Yield Curve Econometric Modeling
Tech stack: R (time-series, regression, model selection)
Developed an econometric framework in R to study how the shape of the U.S. Treasury yield curve (normal, inverted, humped) changes over time. Used monthly data on yields together with key macroeconomic drivers such as money supply, inflation, and the federal funds rate, estimating multiple models and comparing their ability to explain shifts in the curve across maturities.
Fat-Tail Analysis of Bitcoin & Ethereum Returns
Tech stack: Python (Pandas, NumPy, Matplotlib, Seaborn, SciPy)
Collected and cleaned historical BTC and ETH price data, built time-series plots and log-return distributions, and compared them to the normal distribution using QQ-plots and multiple normality tests (K-S, Jarque–Bera, D’Agostino, Anderson–Darling). Showed strong deviations from normality driven by volatility and fat tails, with implications for risk management and VaR modeling.
Commodity Market Return Analysis
Tech stack: R, Bloomberg Terminal
Analyzed monthly returns of the S&P 500, oil, gold, and a major currency index from 1983–2023 using histograms, time-series plots, descriptive statistics, and correlation matrices. Identified which assets are most volatile, which months exhibit the strongest fat tails, and how return distributions differ across markets, providing insight for portfolio construction and risk management.
Research and Publications
Machine Learning Framework for Cyberattack Risk, Severity, and Timing Prediction
Role: Master’s Thesis (In Progress)
Working Title: Analytics Framework for Cyberattack Risk, Severity, and Timing Prediction Using Survival-Aware Sequence Modeling
Methods: Survival-aware sequence models, deep learning on log sequences, anomaly detection, evaluation of early-warning performance
Developing a machine learning framework that uses application and system log sequences to predict the probability, severity, and timing of cyberattacks.
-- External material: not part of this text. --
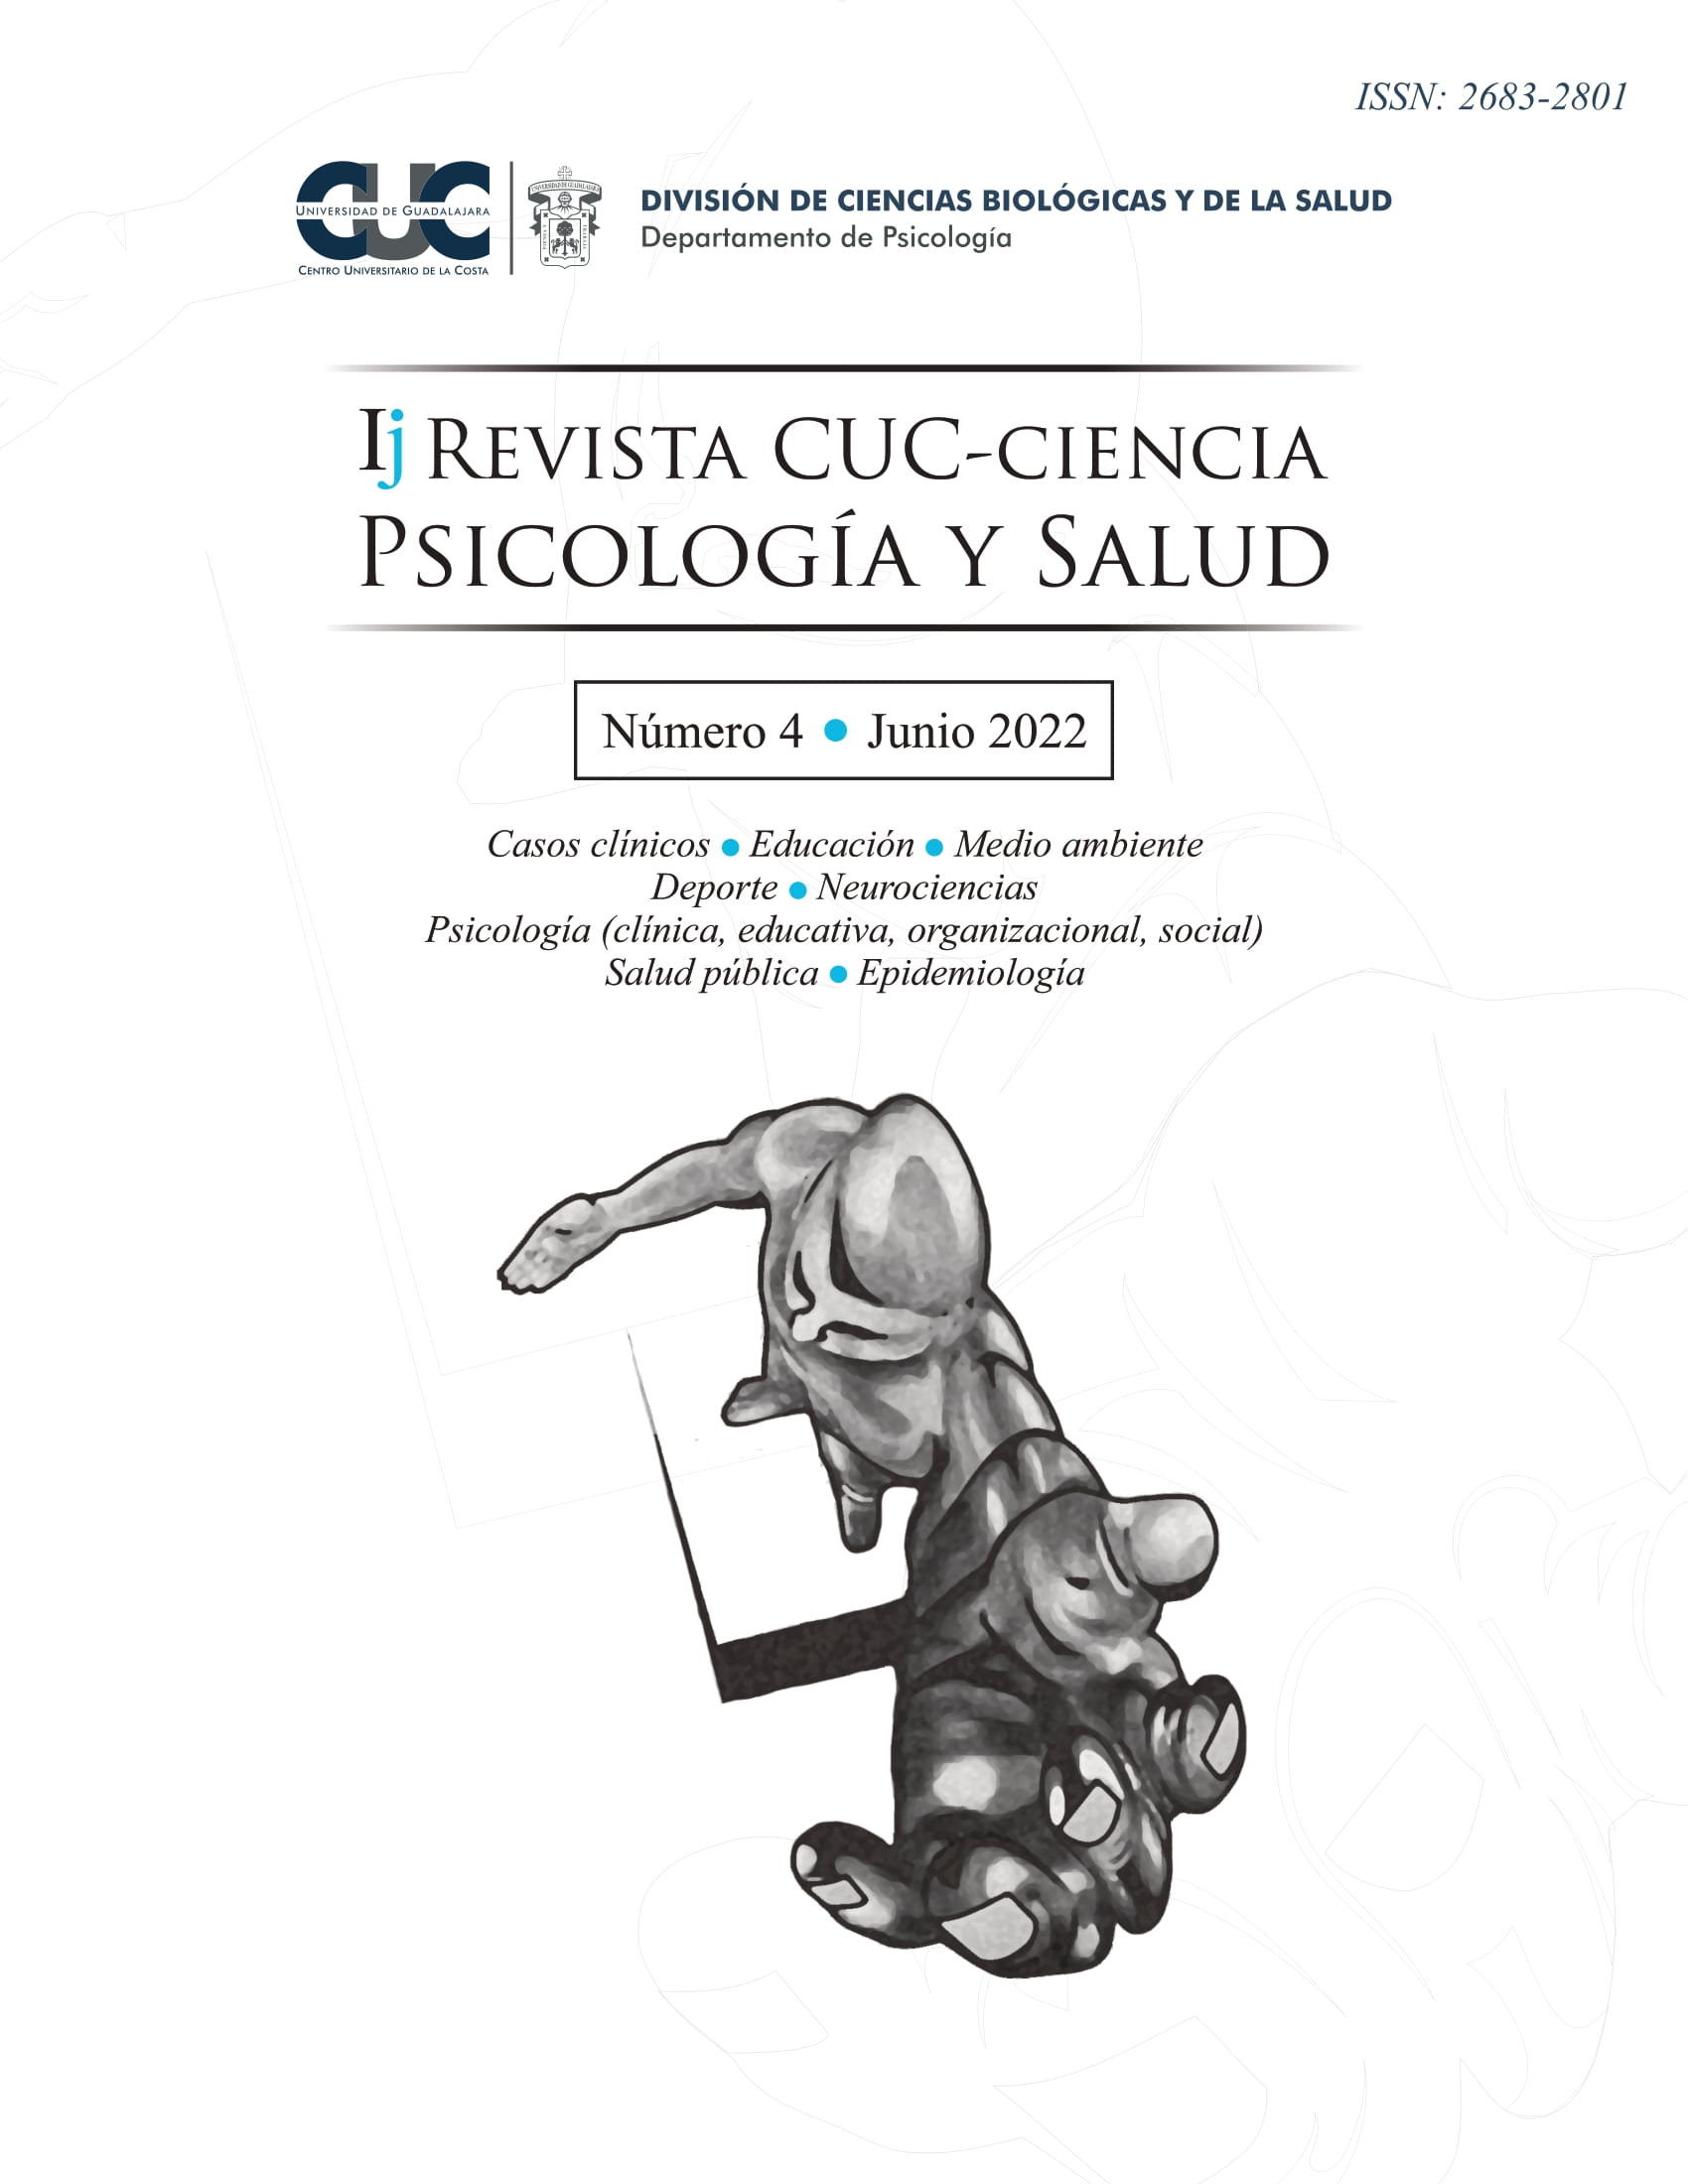 Revista cuc ciencia psicologia y salud digital - 2020

The research focuses on comparing traditional classification approaches with survival-aware sequence models and studying how early in the attack lifecycle reliable warnings can be generated.
Behavioral Model Deployment for Smart City Transportation Projects
Journal: Processes (MDPI), 2023, 11(1), 48
Title: Behavioral Model Deployment for the Transportation Projects within a Smart City Ecosystem: Cases of Germany and South Korea
Authors: Olga Shvetsova, Anastasiya Bialevich, Jihee Kim, Mariia Voronina
The paper analyzes behavioral models for transportation projects in smart city ecosystems, using case studies from Germany and South Korea to evaluate how traveler behavior and infrastructure interact in practice.
Leadership & Volunteering
Data Analytics Volunteer — IIA New York Chapter
Institute of Internal Auditors, New York Chapter
Analyzed membership datasets in Python and Excel to identify retention patterns, segment organizations by size and churn risk, and support chapter leadership with data-driven decision-making.
Built visual dashboards and presentation-ready summaries for board meetings, helping prioritize outreach efforts and design targeted engagement strategies for member organizations.